[ま]鈴木ごっこ/秀逸なタイトルと巧妙に張られた伏線&どんでん返しにやられたーってなるミステリー @kun_maa
最初に言っときますが完全にタイトル買い。
だって「鈴木ごっこ」なんてちょっとほのぼのとした感じもあって、いかにもおもしろそうでしょ。実際おもしろいんだけど。
でも導入部分は全然ほのぼのとなんてしてないんだなあ。
よくわからない状況と、暗い感じの出だしから受けるタイトルの印象とは違う雰囲気に、ミステリー好きとしては期待が高まる高まる〜。
四月一日。
気が滅入るような小雨がシトシトと降り続く午後十一時、わたしは膝の上で両手を握り締めてじっと食卓を見つめていた。

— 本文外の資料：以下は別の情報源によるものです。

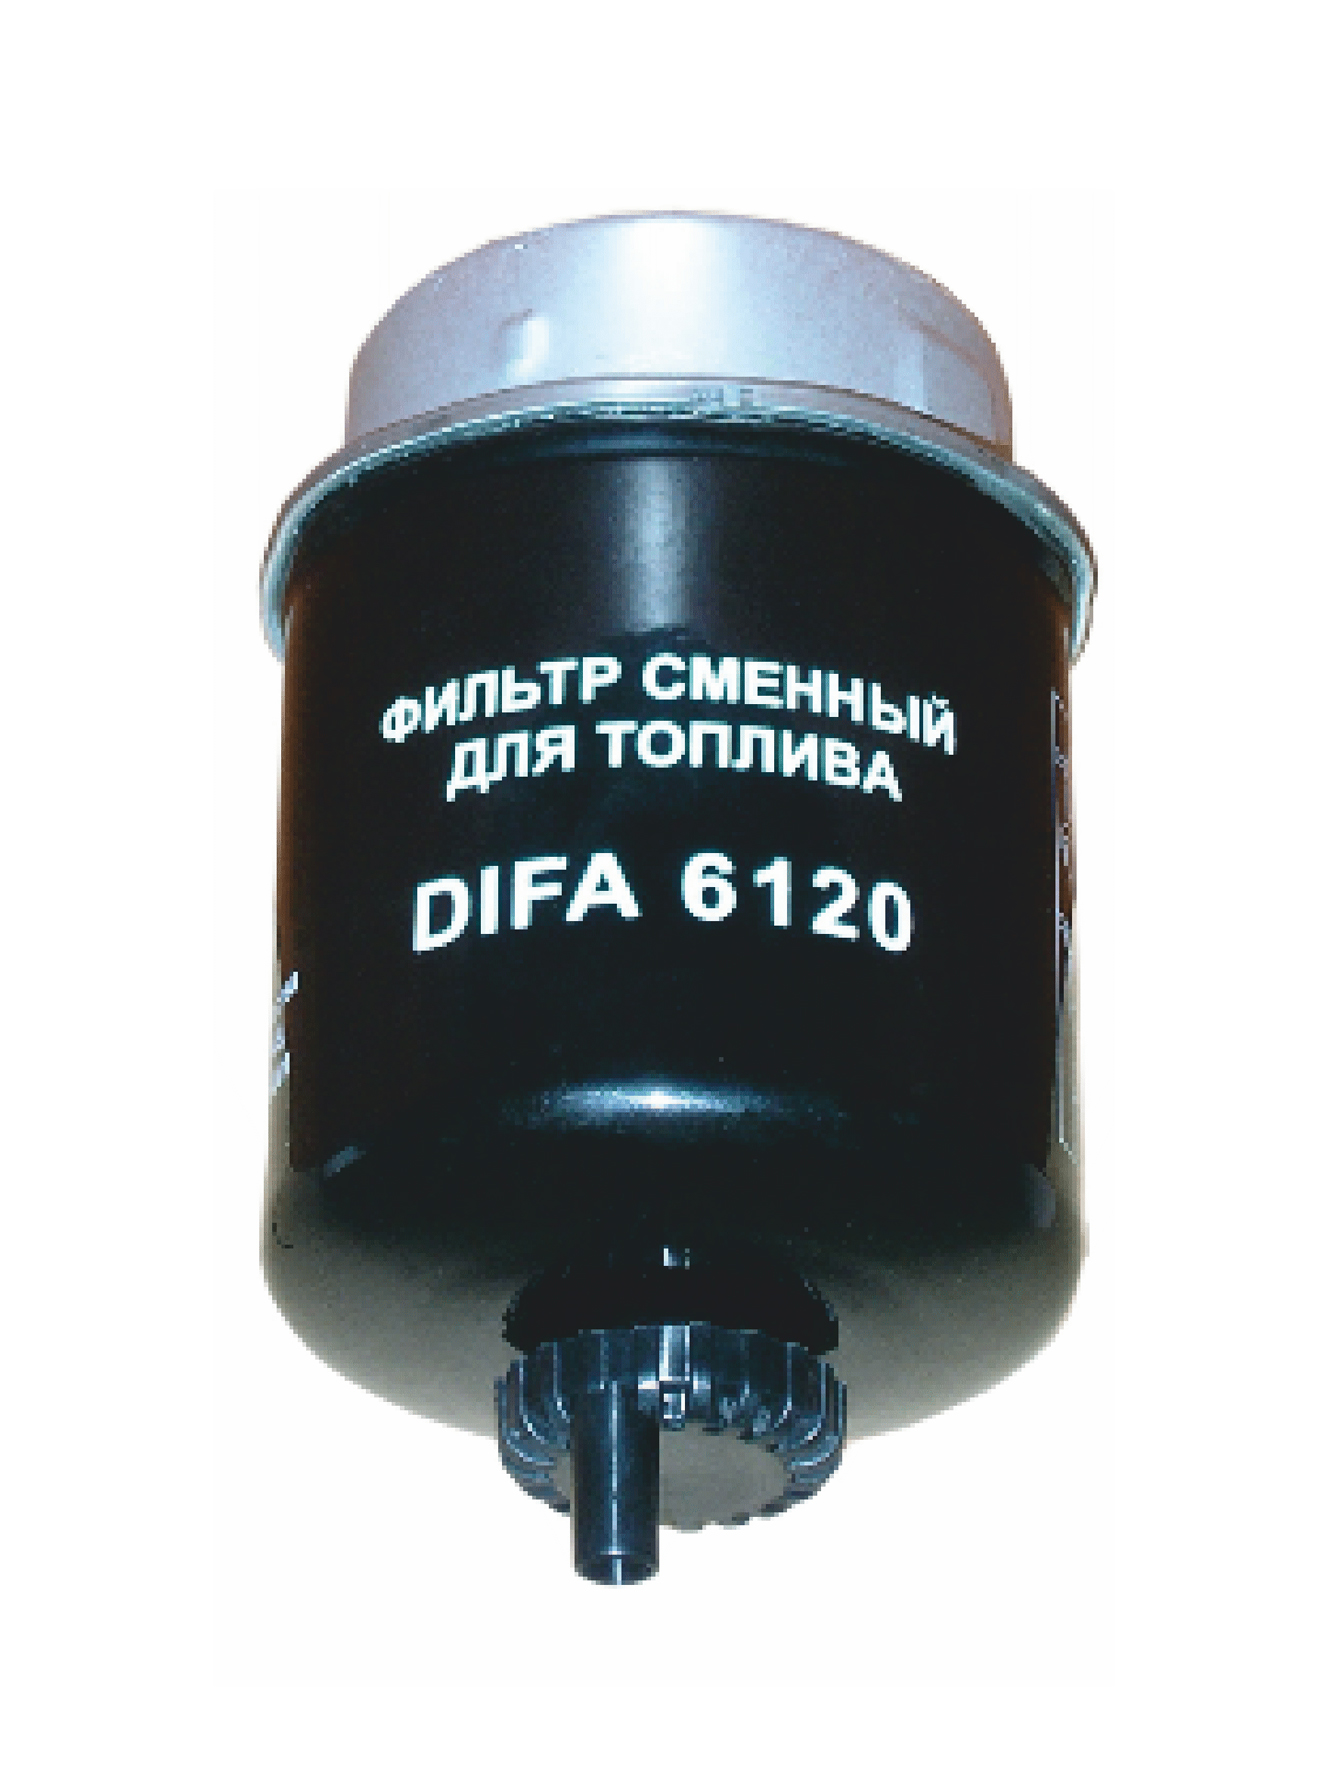 DIFA6120 DIFA Т6120 Фильтр тон.оч.топлива ДИФА (32925694WK8113)
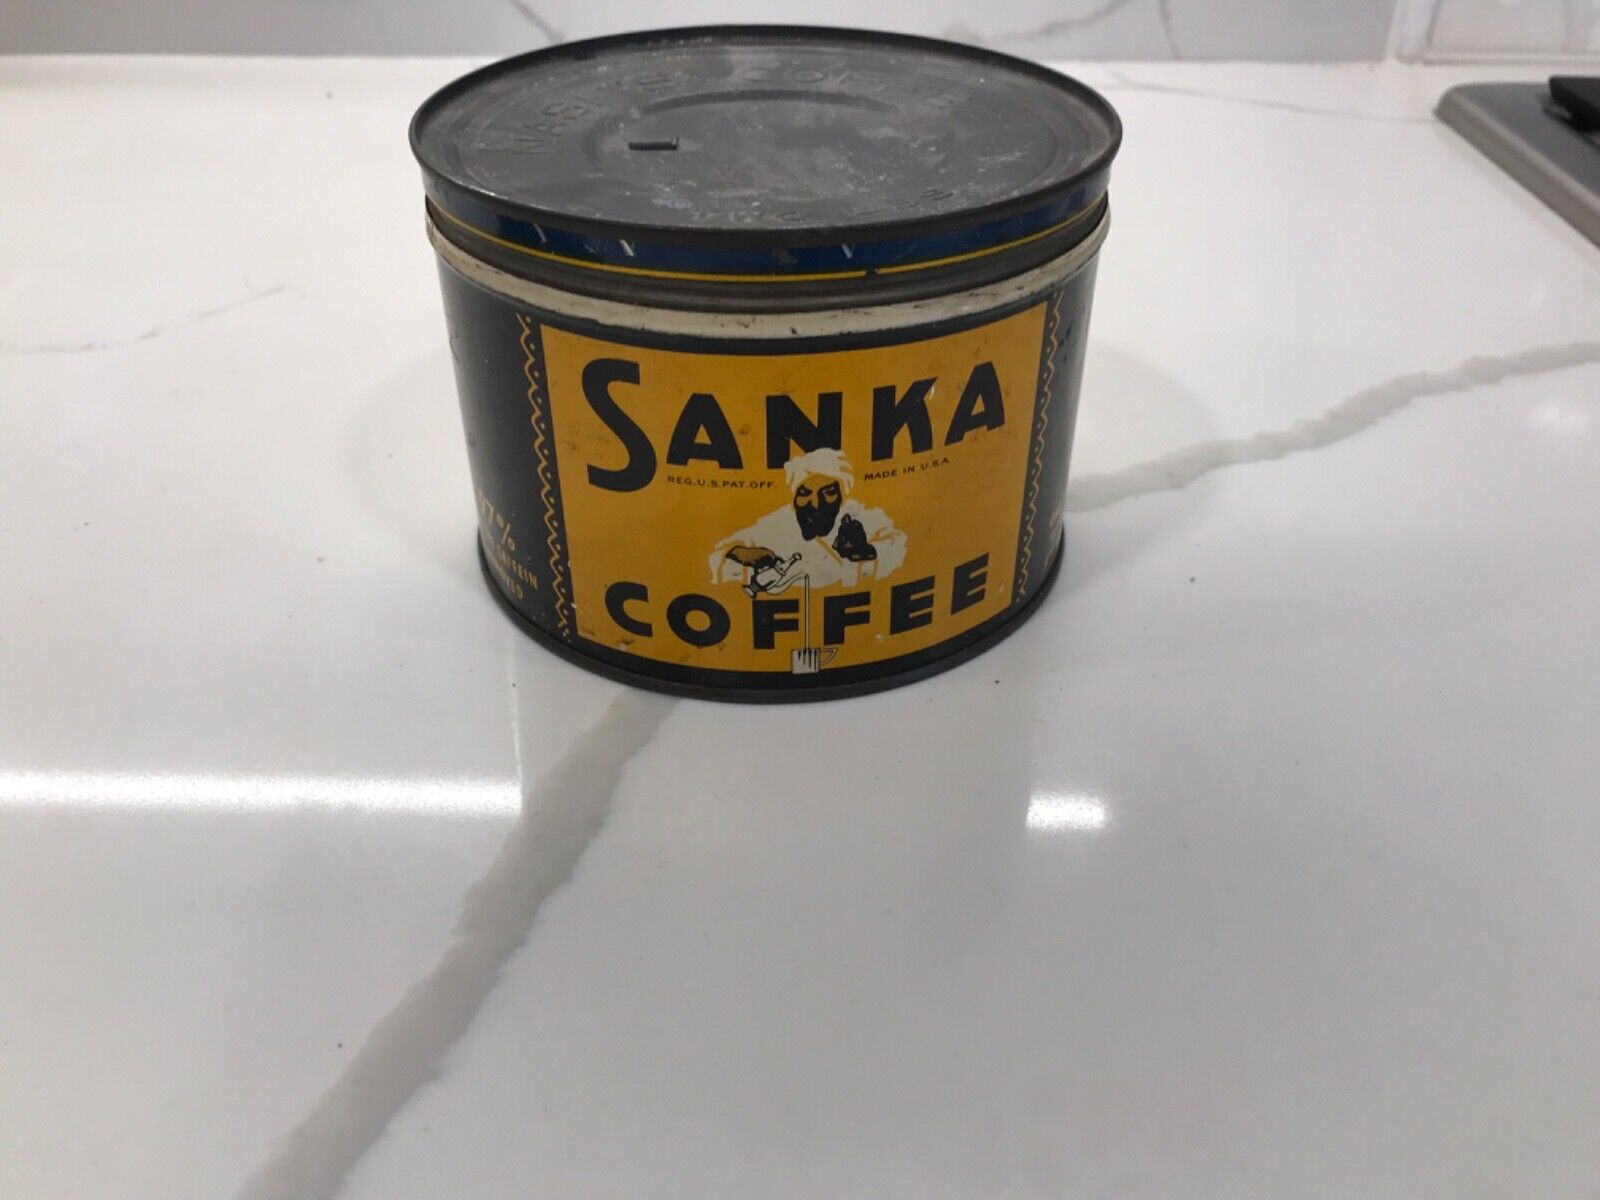 Antq One Pound Sanka Coffee Tin with Nash’s Coffee Two Lbs Tin Lid -free postage

それは美しい食卓だった。誰もが憧れるような。すべての家族が笑顔になるような。
インターホンが鳴った。とうとう、やってきた....。緊張でキリキリと胸が痛くなる。
夫の浮気が原因の借金2,500万円を帳消しにする代わりに、1年間見ず知らずの他人4人で「鈴木」という家族のふりをして生活をしろというスキンヘッドのヤクザからの奇妙な申し出を受けた主人公の「わたし」。
同じ申し出を受けて集められた他の3人の登場人物は全員男。
赤の他人が共通の目的のために共同生活をしていくうちに、なんとなく家族っぽくまとまっていく不思議な関係と和やかな雰囲気。それぞれを呼び合うための1年間の仮の名前のつけ方も絶妙だ。
そう、この作品は途中から、最初にタイトルから感じたほのぼのとした雰囲気を前面に醸し出してくるのだ。
借金が帳消しになる理由もわからないまま「鈴木ごっこ」を続ける登場人物と、スキンヘッドから与えられる別のミッション。
このミッションを成功させるためには4人が協力しなければならないし、失敗すれば借金の帳消しはなかったことになる。
ミッション成功のためにお互い協力しながら、次第に本物の家族のような関係性を育んでいく「鈴木ごっこ」のメンバーと、その果てに待つ1年後のどんでん返しとタネ明かし。
意外と平凡な借金返済の仕組みと、それだけでは終わらせない巧妙に張られた伏線がきれいに回収されるときに感じる無間地獄のようなやるせなさ。
まるで本物の家族のような関係に見えてきていた登場人物たちだけに、そこに隠されていた秘密とその伏線となる隠し方の巧妙さに思わず「ああ!やられたー!」ってなること間違いなし。
読んでいる時に自分が感じる違和感を大事にしておくと後でヒャッハーってなるよ。
後味は決してよくはないけど、ミステリーとしてはおもしろい。
そんな作品が「鈴木ごっこ」。どんでん返し好きな人には是非おすすめしたい。